Пальцы извивались, дергались, ломались, трещали и хрустели, лопались и падали, как сломанные ветки, и из ран их рывками вышвыривало сиреневую ядовитую пену. От огромного клубка светляков пошел тошнотворный зловонный дым – настолько черный, что видно его было и в беспросветной темноте! А изо рта больной вдруг вырвалась густая, похожая на грязь зеленовато-каштановая масса, вязкая и вонючая…
– Переверните ее на живот! – скомандовал музыкант, и шум подхватил его слова, завертел по комнате, заелозил ими по стенам.

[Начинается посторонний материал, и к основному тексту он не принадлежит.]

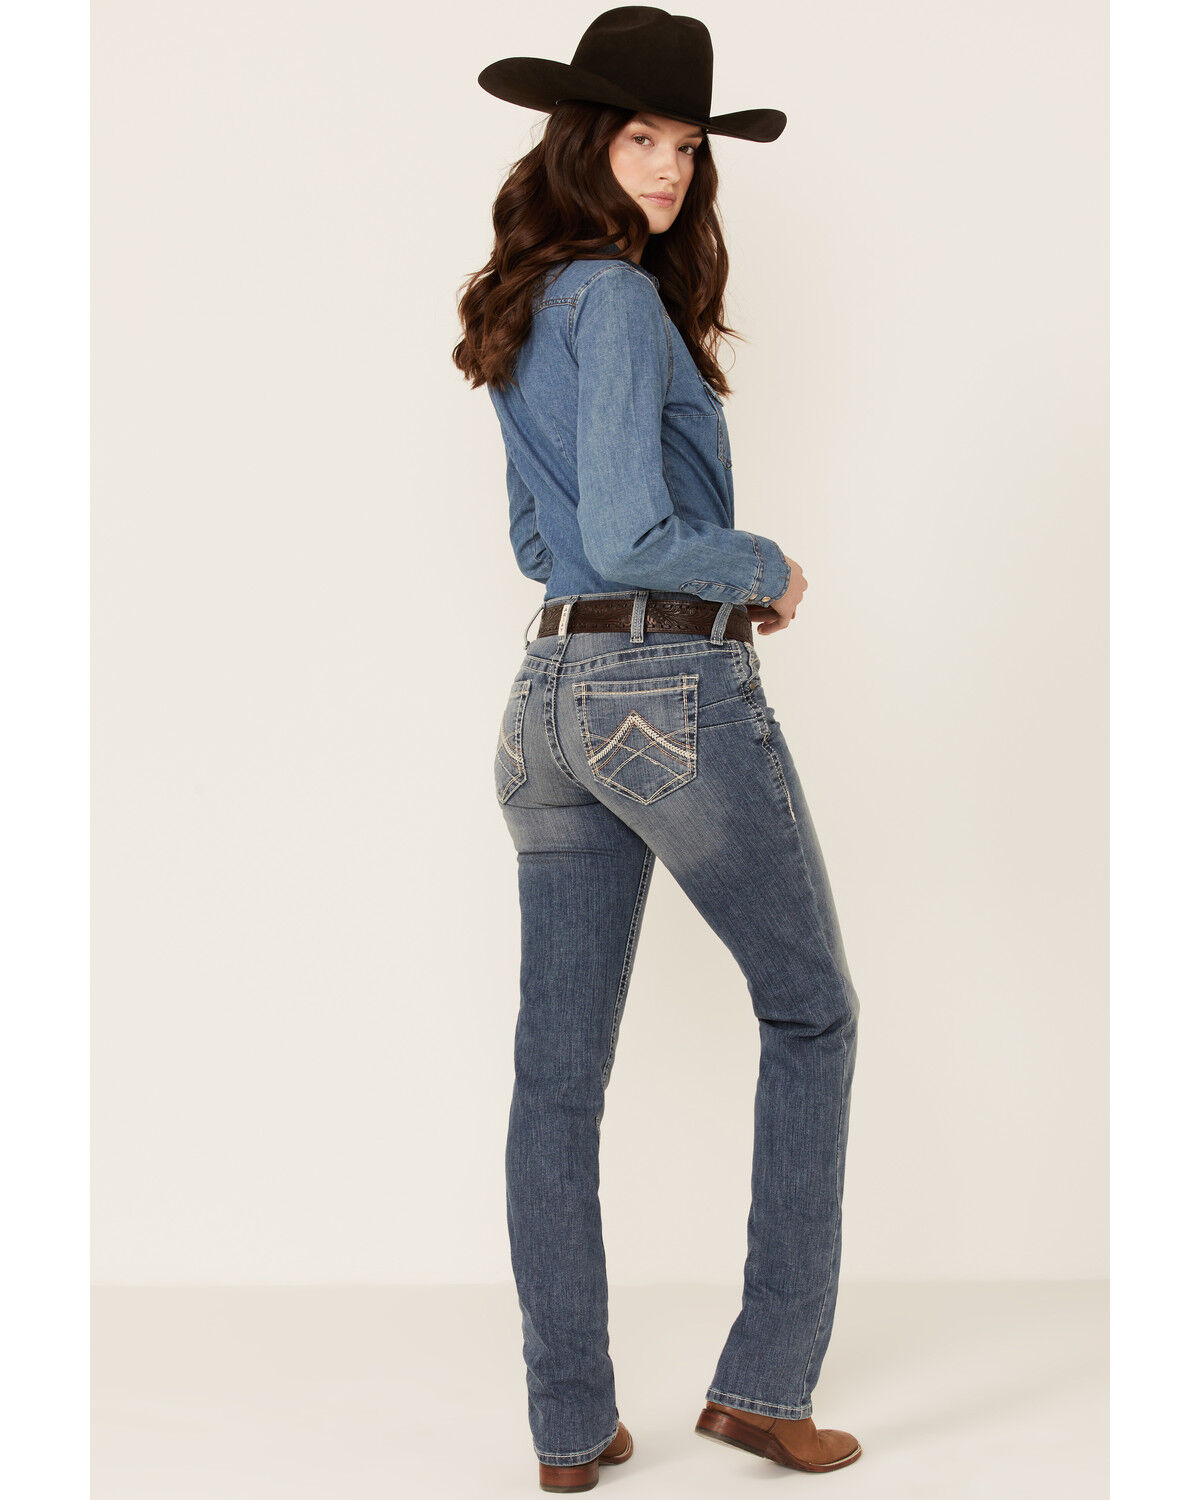 r1893 women's straight leg jeans

Мать девочки очнулась первой, подскочила было, но тотчас почувствовала слабость. Ноги не подчинялись. Она упала и, размазывая по полу собственную кровь, поползла к больной дочери, с трудом, цепляясь за ее одежду, сминая, царапая, потянула на себя ее тело и перевернула его с таким усилием, что едва не потеряла сознание. И тотчас эта зловонная мерзость потекла не только изо рта больной, а из носа, из ушей. И что-то там в этой густой массе шевелилось, дергалось и даже пищало.
Музыкант круто скользнул пальцами по деке и переменил аккорд. Звук преобразился так резко, что показалось, будто что-то взорвалось. Красный чадящий шар под потолком раздался в стороны и лопнул, обдав комнату вонючей кашей. Лезущие изо всех щелей пальцы припадочно вздрогнули, поломались, попадали на пол, на стол, на людей, зависли безжизненно у потолка – и пенились, растворялись, исчезали.
Навалилась тишина.
И первым из абсолютного ничто вынырнул чей-то слабый, еле заметный скрежещущий вздох, а потом второй, немного другой, следом что-то скрипнуло, забулькало противно, раздражающе, снаружи стукнуло, прошипело, потом послышались мальчишечьи голоса и следом грубое: «Тсс, тихо». Где-то далеко-далеко затрещала по дереву птица, забродил, зашелестел мимо проносившийся ветерок.
Мир вернулся.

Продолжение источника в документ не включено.